5. SwiftyJSON: To enhance your APP usage experience, we use SwiftyJSON for parsing JSON format data. This SDK will not collect any of your personal information and is only used as a data parsing tool.
6. SnapKit, MJRefresh, Kingfisher, ActiveLabel, CLToast, IQKeyboardManagerSwift, PGDatePicker, MBProgressHUD, CHIPageControl: To enhance your APP usage experience, we have introduced multiple open-source page display solutions to achieve effects such as automatic page layout, page controllers, page refresh, page clicks, pagination scrolling, information display, and click redirection.
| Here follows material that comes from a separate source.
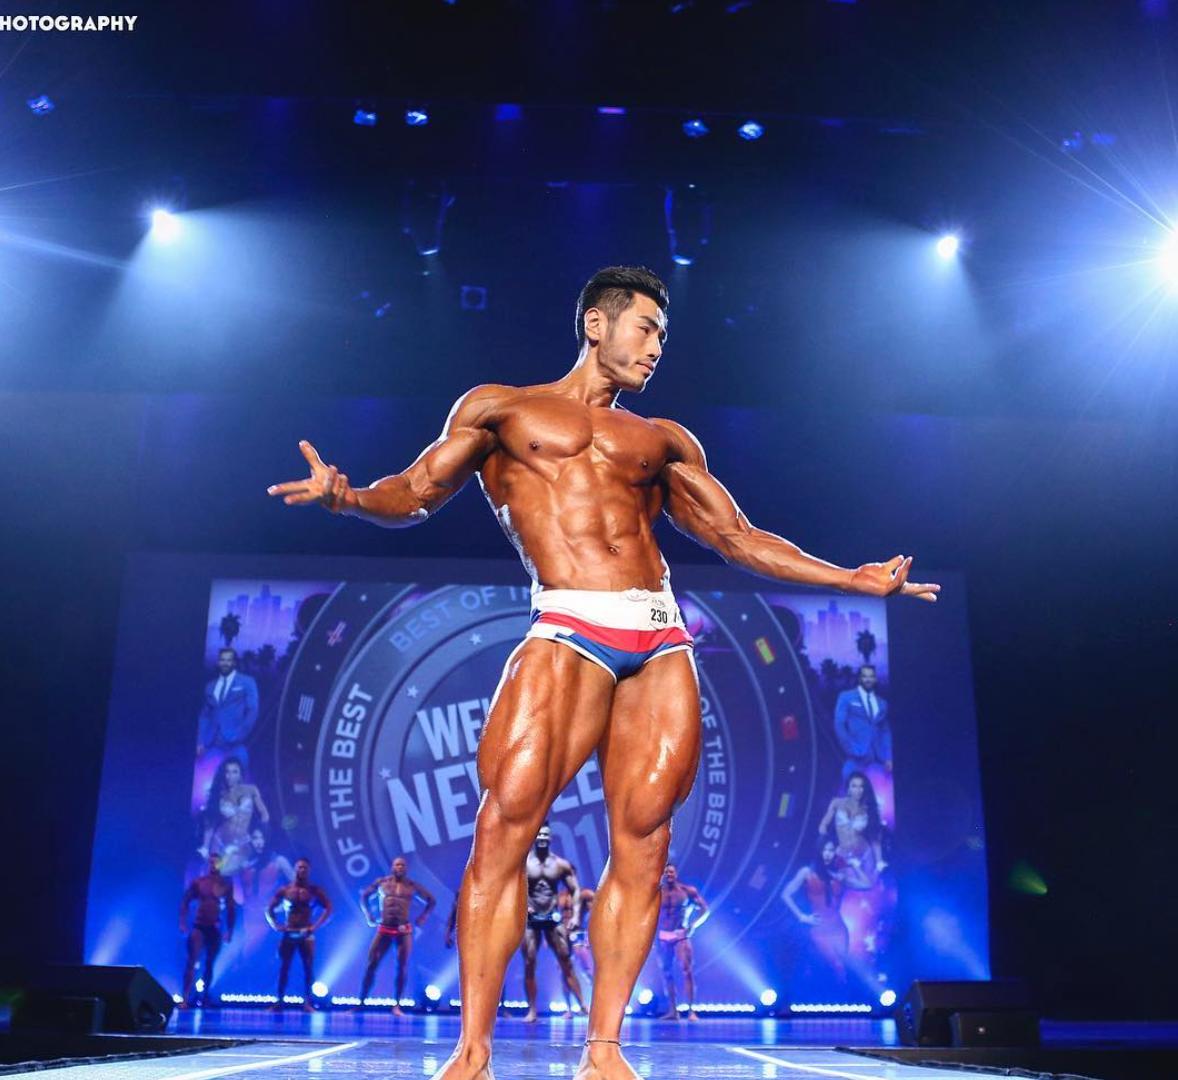 Kyle Kim, WBFF PRO

These SDKs will not collect any of your personal information and are only used to enhance the visual experience.
7. Lottie: To enhance your APP usage experience, we use Airbnb's Lottie SDK for displaying animations and special effects. This SDK will not collect any of your personal information and is only used to enhance the visual experience.
8. BPDataPrevention, BPCrypt, BPJsonModel, BPAlgorithmLib: To enhance the security of App communications, we use SDKs to encrypt sensitive data such as users' personal information, bank card numbers, and passwords. These SDKs do not collect any of your personal information and are only used as encryption tools.
9. Localize-Swift: To implement the App's multilingual functionality, we use Localize-Swift to manage and switch between different language string resources. This SDK does not collect any of your personal information and is only used for multilingual switching.
10. WKWebViewJavascriptBridge: To ensure you can access the services provided by third-party merchants, we use the WKWebViewJavascriptBridge framework to facilitate communication and interaction with third-party merchant services. This SDK does not collect any of your personal information and is only used as a network request tool.